See also Figures S4 and S5.

Figure S5.

Detected Modified Sites in Viral RNAs, Related to Figure 5

A, Ionic current levels near the genomic position 27,947 in viral S RNA (green lines) and IVT control RNA (black lines). B, Ionic current levels for the identical region in the viral ORF8 RNA (orange lines) and IVT control RNA (black lines). C, Kernel density plots for signal distributions at the position 27,947 in the different RNAs. The blue line shows the standard model used for modification detections without controls (“alternative base detection” and “de novo” modes) in Tombo.

Among the 41 potential modification sites, the most frequently observed motif is AAGAA (Figures 6A and 6B). The modification sites on the “AAGAA-like” motif (including AAGAA and other A/G-rich sequences) are found throughout the viral genome but particularly enriched in genomic positions 28,500–29,500 (Figure 6C). Long viral transcripts (gRNA, S, 3a, E, and M) are more frequently modified than shorter RNAs (6, 7a, 7b, 8, and N) (Figure 6D), suggesting a modification mechanism that is specific for certain RNA species.

Figure 6.

Detected RNA Modifications Are Differentially Regulated

(A) Position-specific base frequency of a motif enriched in the frequently modified sites.

(B) Sequence alignment of the detected modification sites with “AAGAA”-like motif. Base positions on the left hand side correspond to the genomic coordinates denoted with red arrowhead.
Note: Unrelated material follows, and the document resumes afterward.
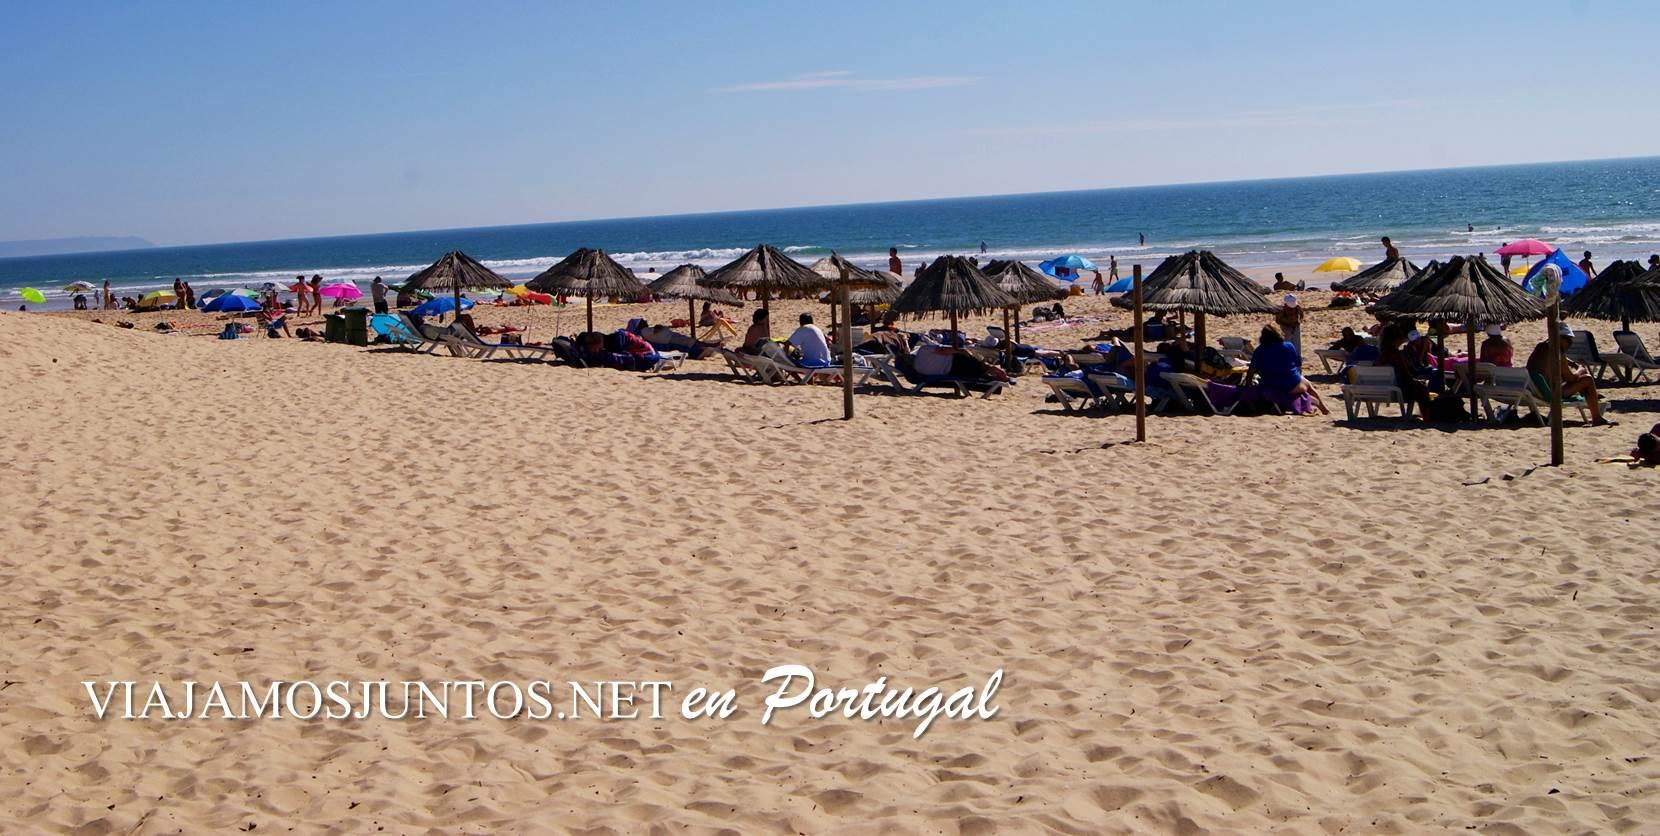 Playa de Castillo, Costa Caparica, Portugal

(C) Genomic location of modification sites with the AAGAA-like motif (top row) and the others grouped by the detected nucleotide base.
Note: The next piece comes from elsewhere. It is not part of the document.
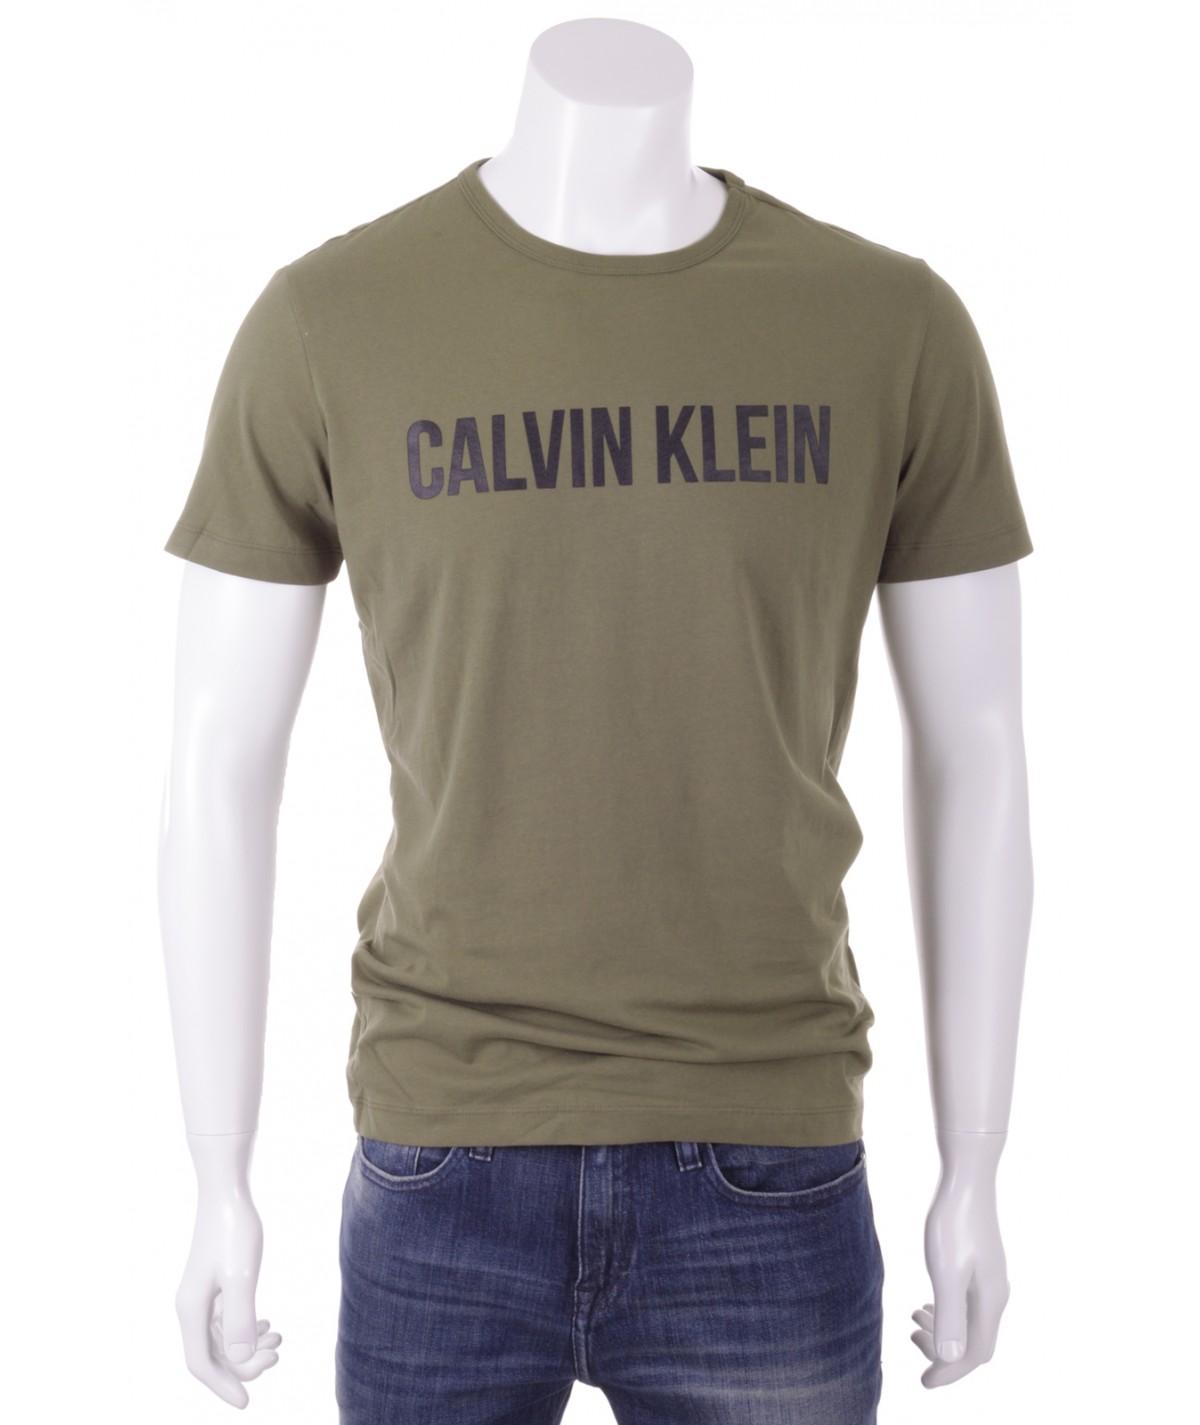 CALVIN KLEIN T-Shirt Uomo

(D) Location and modification levels in different RNA species.

(E) Kernel density plots showing poly(A) length distribution of gRNA (left) and S RNA (right). Modified viral RNAs carry shorter poly(A) tails.

See also Figure S6 and Table S5.

Because DRS allows simultaneous detection of multiple features on individual molecules, we cross-examined the poly(A) tail length and internal modification sites. Interestingly, modified RNA molecules have shorter poly(A) tails than unmodified ones (Figures 6E and S6 ; p < 9.8 × 10⁻⁵ and p < 7.3 × 10⁻¹² for ORF1ab and S, respectively; Mann-Whitney U test). These results suggest a link between the internal modification and 3′ end tail. Because poly(A) tail plays an important role in RNA turnover, it is tempting to speculate that the observed internal modification is involved in viral RNA stability control. It is also plausible that RNA modification is a mechanism to evade host immune response. The type of modification(s) is yet to be identified, although we can exclude METTL3-mediated m6A (for lack of consensus motif RRACH), ADAR-mediated deamination (for lack of A-to-G sequence change in the DNBseq data), and m1A (for lack of the evidence for RT stop). Our finding implicates a hidden layer of CoV regulation. It will be interesting in the future to identify the chemical nature, enzymology, and biological functions of the modification(s).

Figure S6.

Highly Modified Viral RNAs Carry Shorter Poly(A) Tails, Related to Figure 6

Poly(A) tail length distribution of each viral transcript other than shown in Figure 6.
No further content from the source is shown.